3.2 Person Images: The Chicago Face Database (CFD)

The CFD [38] is a free resourceFootnote 9 consisting of 597 high-resolution, standardized images of diverse individuals between the ages of 18 and 40 years (see Table 1). It is designed to facilitate research on a range of psychological phenomena (e.g., stereotyping and prejudice, interpersonal attraction). Therefore, it provides extensive data about the depicted individuals (see Fig. 1 for examples). The database includes both subjective norming data and objective physical measurements (e.g., nose length/width), on the pictures.Footnote 10 At least 30 independent judges, balanced by race and gender, evaluated each CFD image.Footnote 11 The questions for the subjective norming data were posed as follows: “Now, consider the person pictured above and rate him/her with respect to other people of the same race and gender.
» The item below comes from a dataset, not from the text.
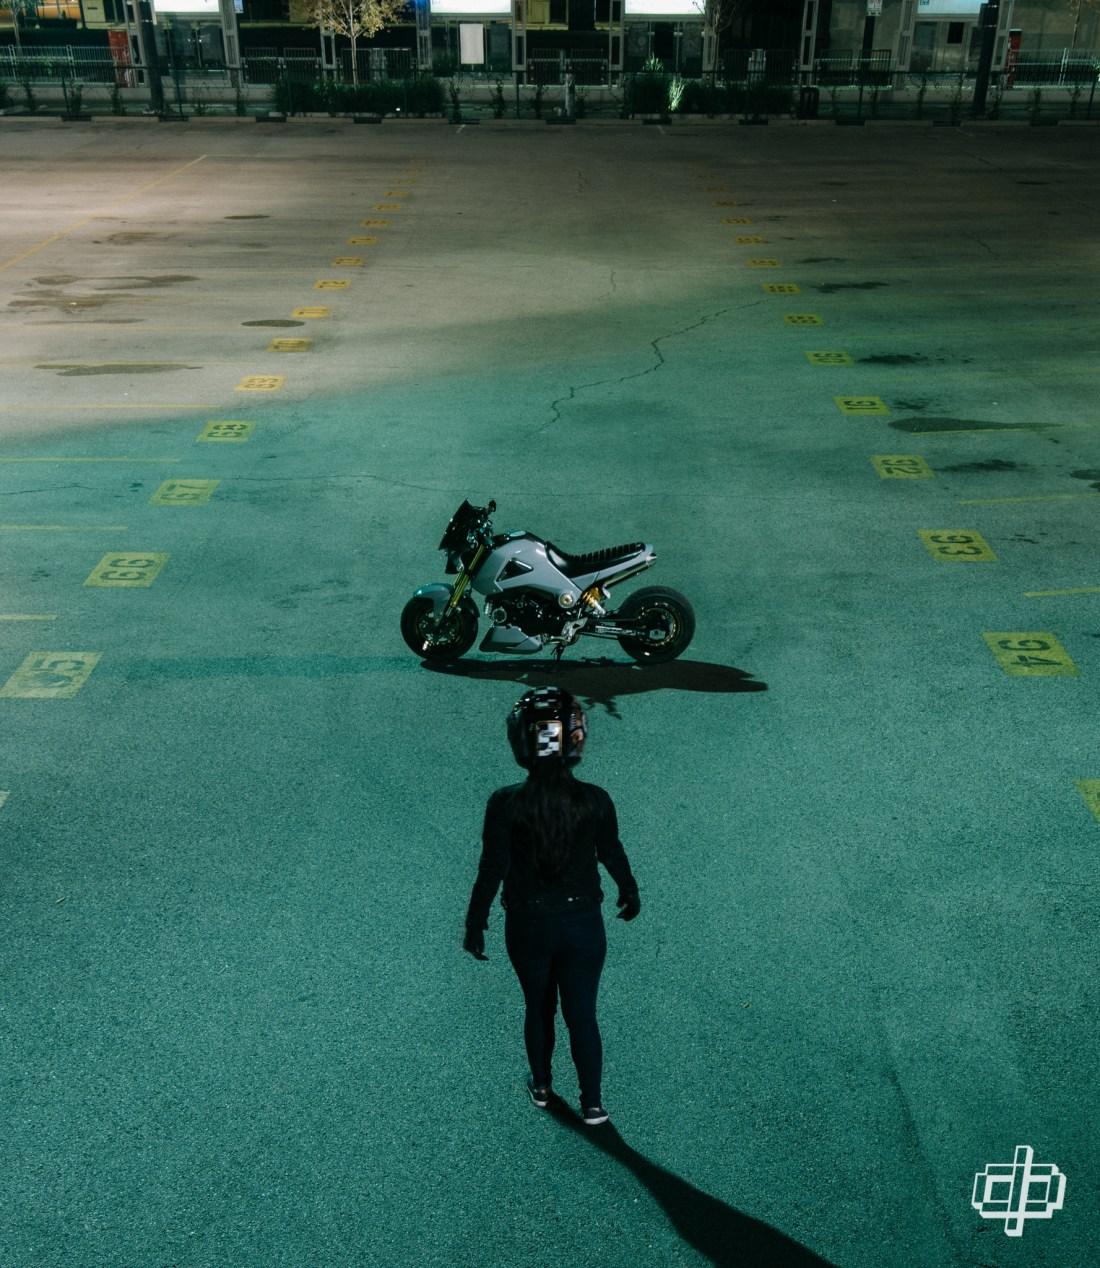 akira themed honda grom superstreet magazine dtphan

For example, if the person was Asian and male, consider this person on the following traits relative to other Asian males in the United States. - Attractive (1–7 Likert, 1 = Not at all; 7 = Extremely)”. Fifteen additional traits were evaluated, including Babyface, Dominant, Trustworthy, Feminine, and Masculine.

Table 1. Mean/median attractiveness of depicted individuals.
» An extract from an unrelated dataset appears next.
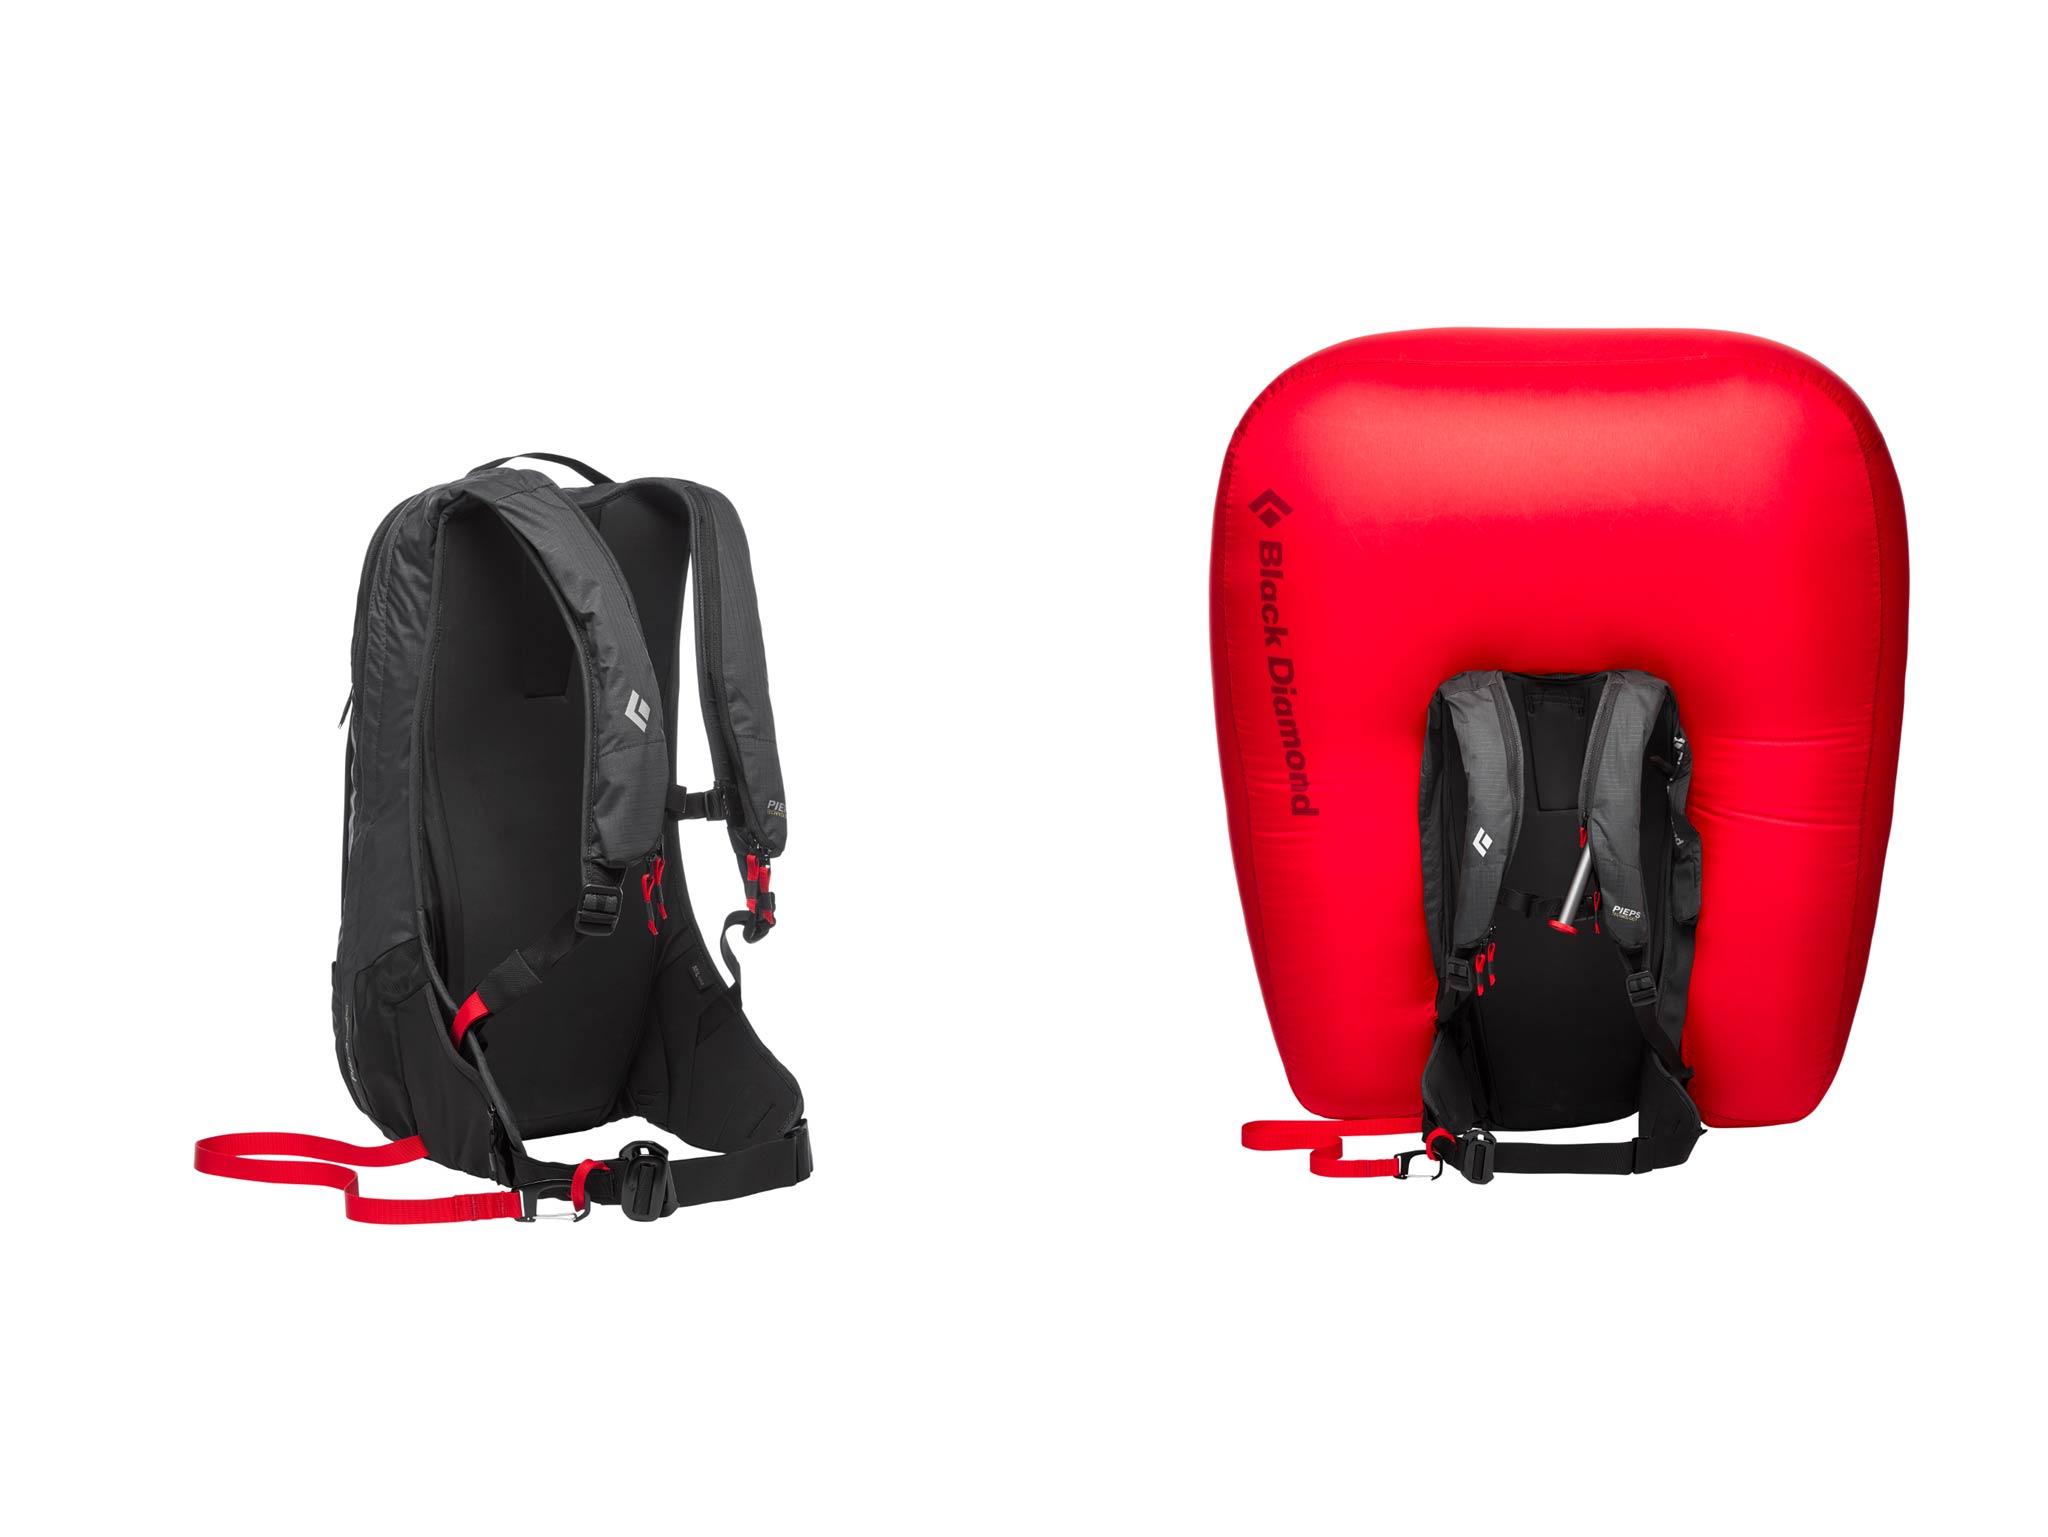 Der Black Diamond Jetforce Pro von hinten sowie mit aufgeblasenem Airbag.

For our purposes, a significant benefit of using the CFD is that the individuals are depicted in a similar, neutral manner; if we were to evaluate images of people collected “in the wild”, we would have images from a variety of contexts with varying qualities. In other words, using the CFD enables us to study the behavior of the tagging algorithms in a controlled manner.

3.3 Producing and Analyzing Image Tags

The CFD images were uploaded as input to each API. Table 2 summarizes the total number of tags output by each algorithm, the unique tags used and the most frequently used tags by each algorithm. For all taggers other than Imagga, we do not observe subjective tags concerning physical appearance amongst the most common tags. However, it is interesting to note the frequent use of tags that are interpretive in nature; for instance, Watson often labels people as being “actors” whereas both Microsoft and Watson frequently interpret the age group of depicted persons (e.g., “young,” “adult”). Imagga’s behavior clearly deviates from the other taggers, in that three of its most frequent tags refer to appearance/attractiveness.

Table 2. Tags generated by the APIs across 597 images.

We post-processed the output tags using the Linguistic Inquiry and Wordcount (LIWC) tool [45]. LIWC is a collection of lexicons representing psychologically meaningful concepts. Its output is the percentage of input words that map onto a given lexicon. We used four concepts: female/male references, and positive/negative emotion.

Table 3 provides summary statistics for the use of tags related to these concepts. We observe that all four taggers use words that reflect gender (e.g., man/boy/grandfather vs. woman/girl/grandmother). While all taggers produce subjective words as tags, only Clarifai uses tags with negative emotional valence (e.g., isolated, pensive, sad).

Table 3. Mean/median percentages (%) of tags reflecting LIWC concepts.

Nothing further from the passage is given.